Look through the entries below and copy exactly the part that begins with the line containing "Castle in Schwerin Taking Photos" and ends with the line containing "Mondiali 2018 Social Argentina-Croazia". Do not copy the pictures.

## Available records
• • •

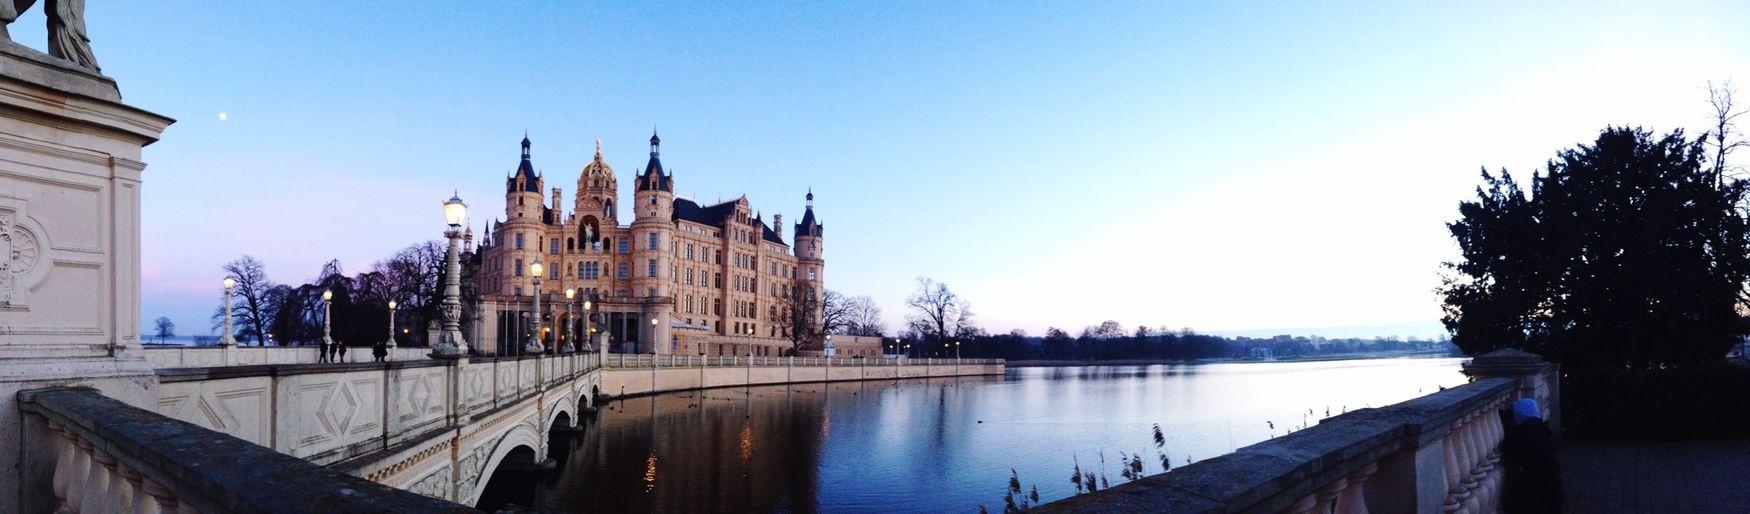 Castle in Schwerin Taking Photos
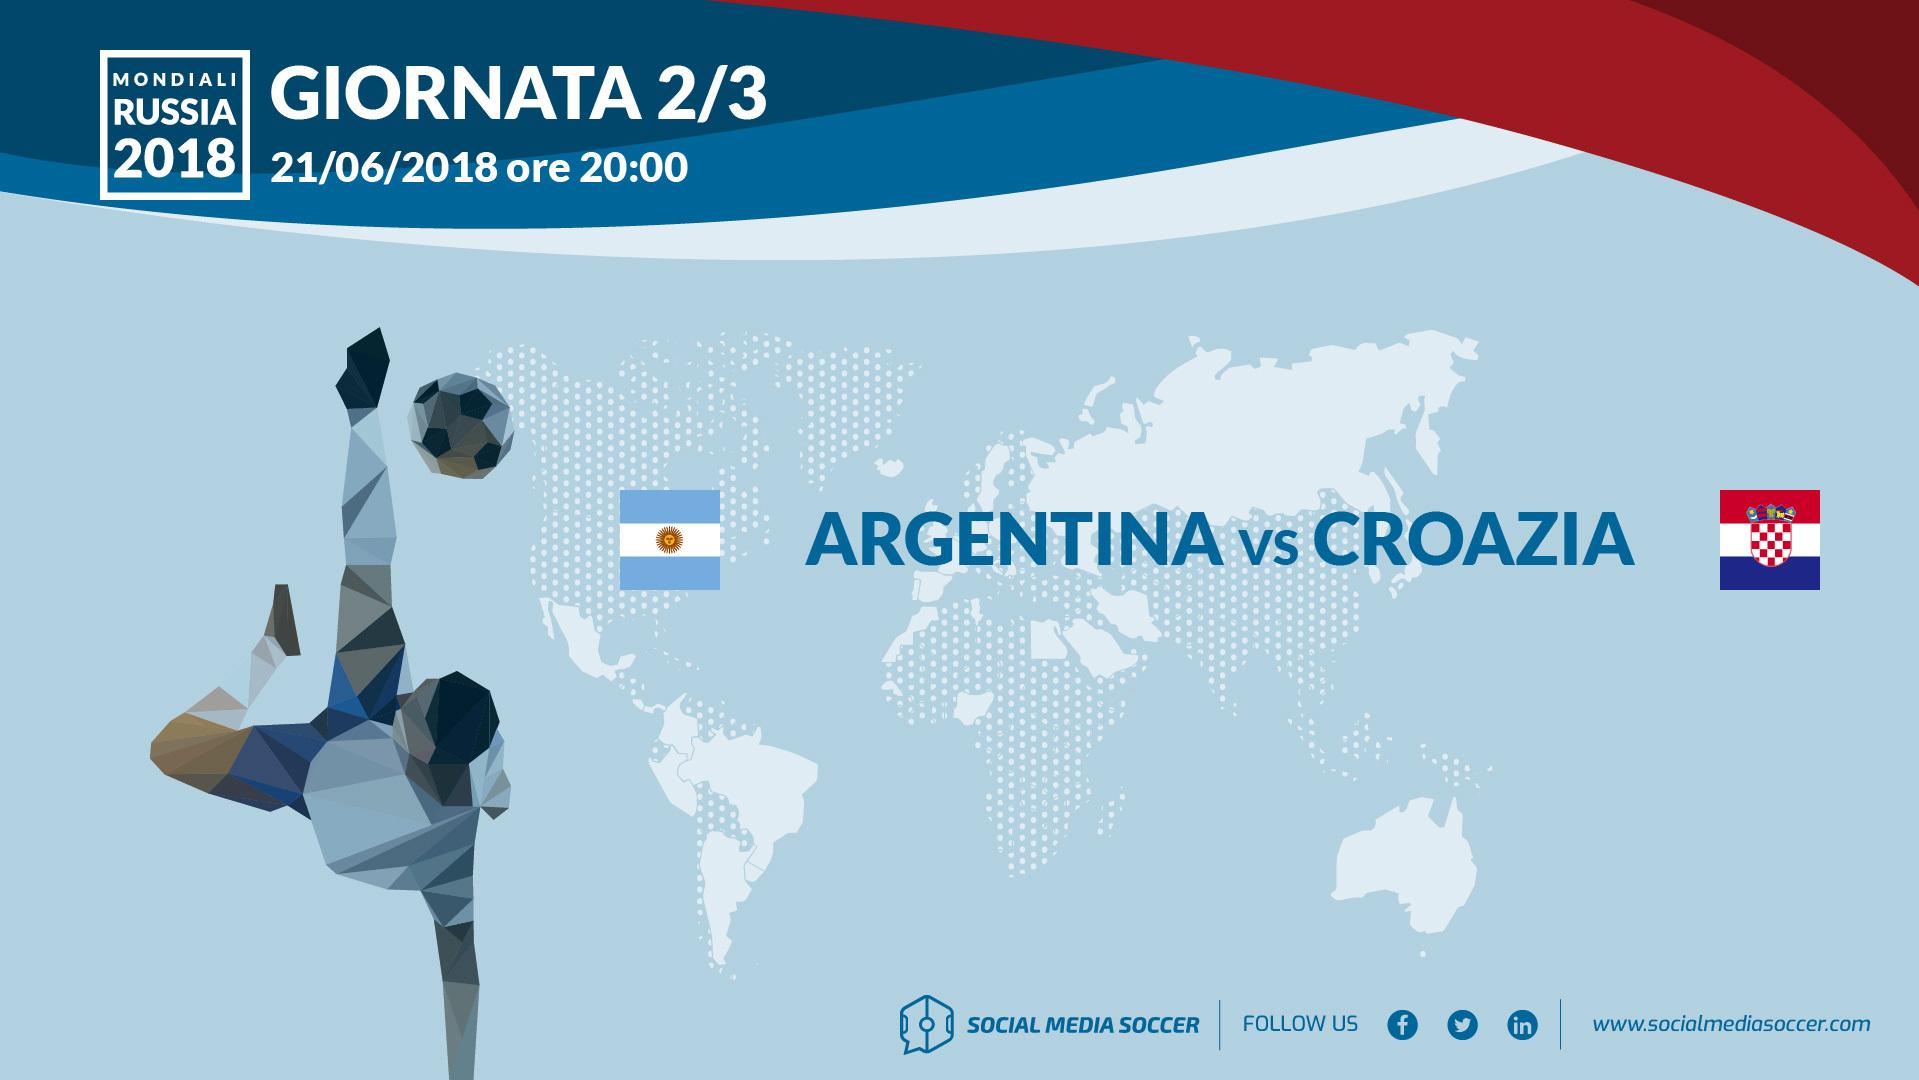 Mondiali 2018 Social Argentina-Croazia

• • •

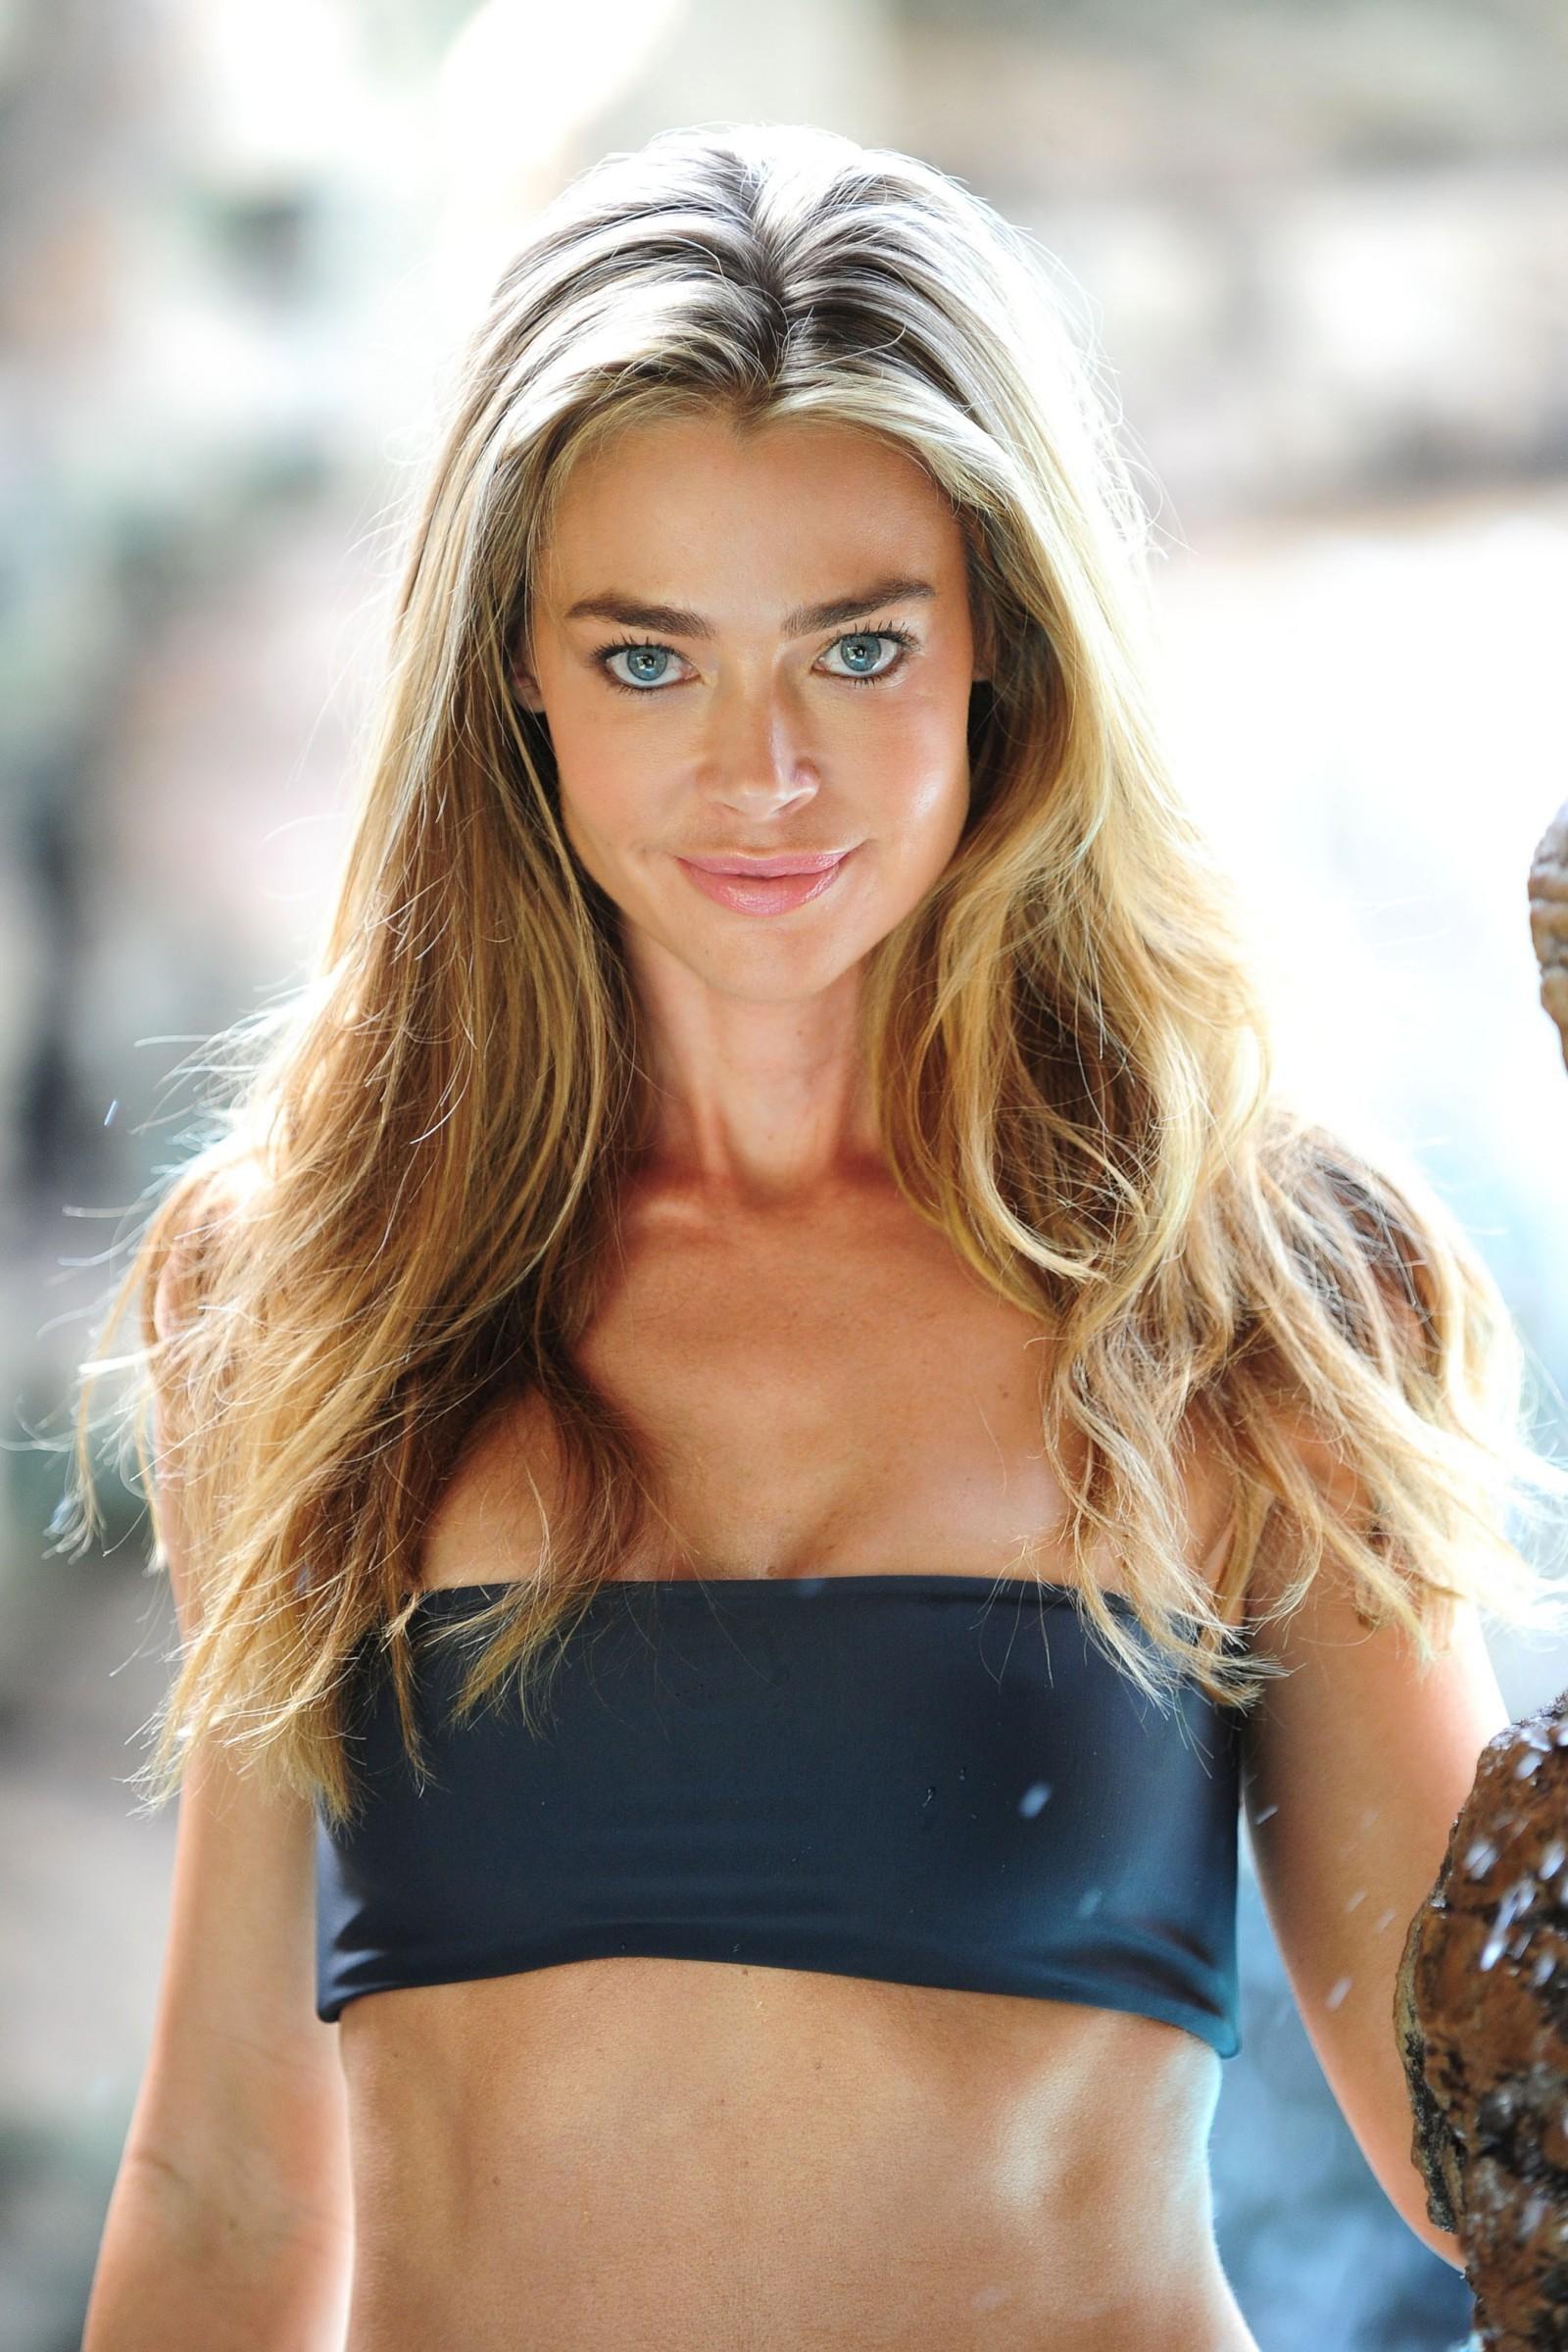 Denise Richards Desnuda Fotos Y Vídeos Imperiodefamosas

• • •

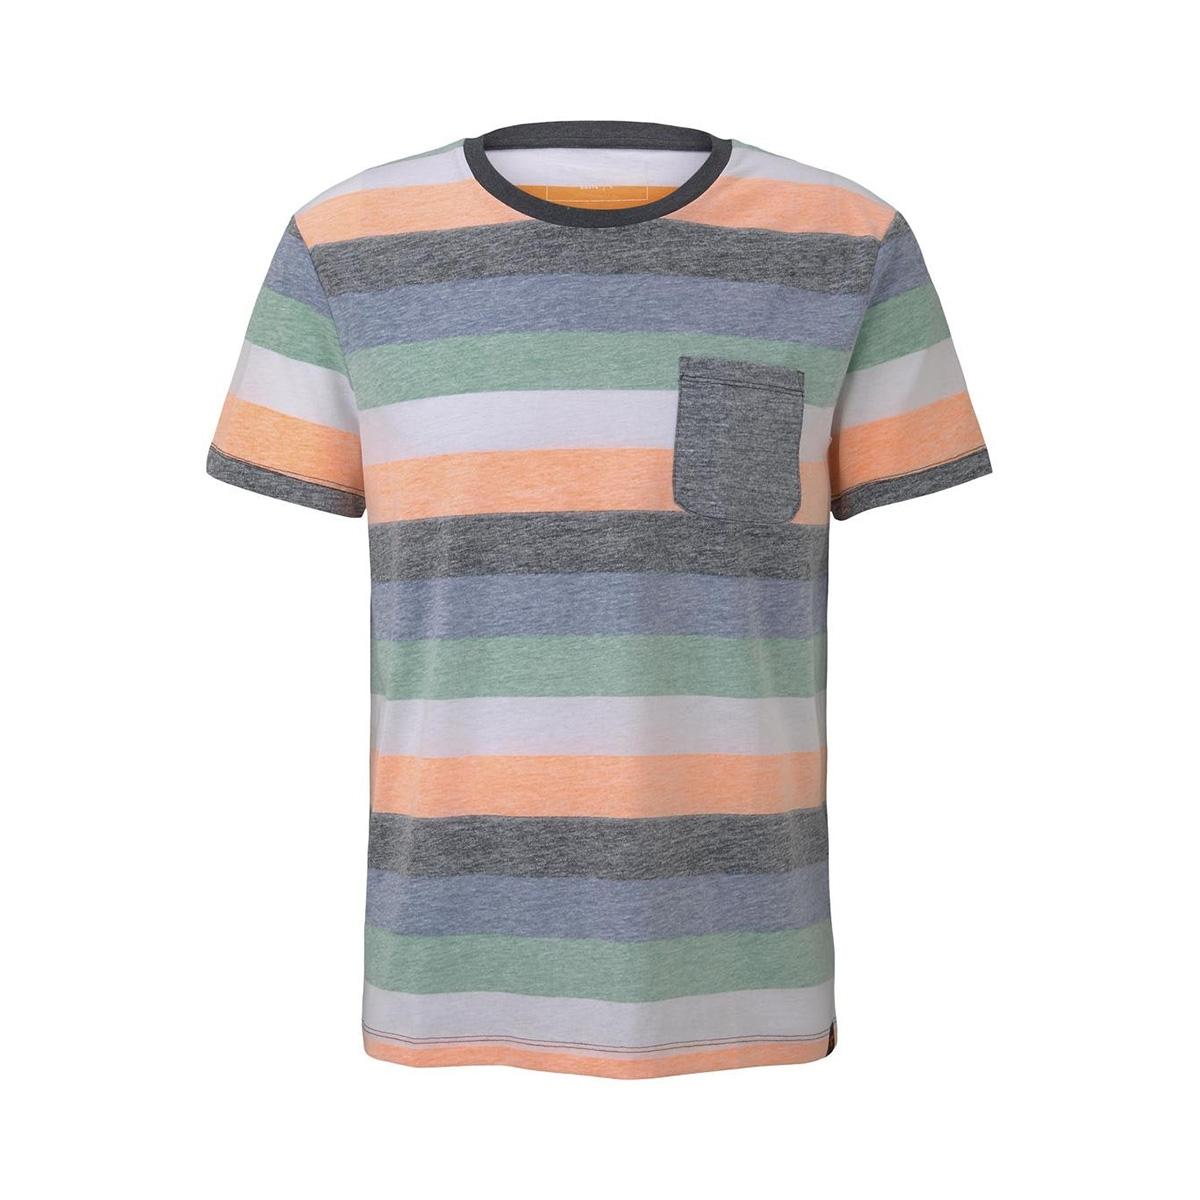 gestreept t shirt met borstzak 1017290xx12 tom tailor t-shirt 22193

• • •

## Your solution
 Castle in Schwerin Taking Photos
 Mondiali 2018 Social Argentina-Croazia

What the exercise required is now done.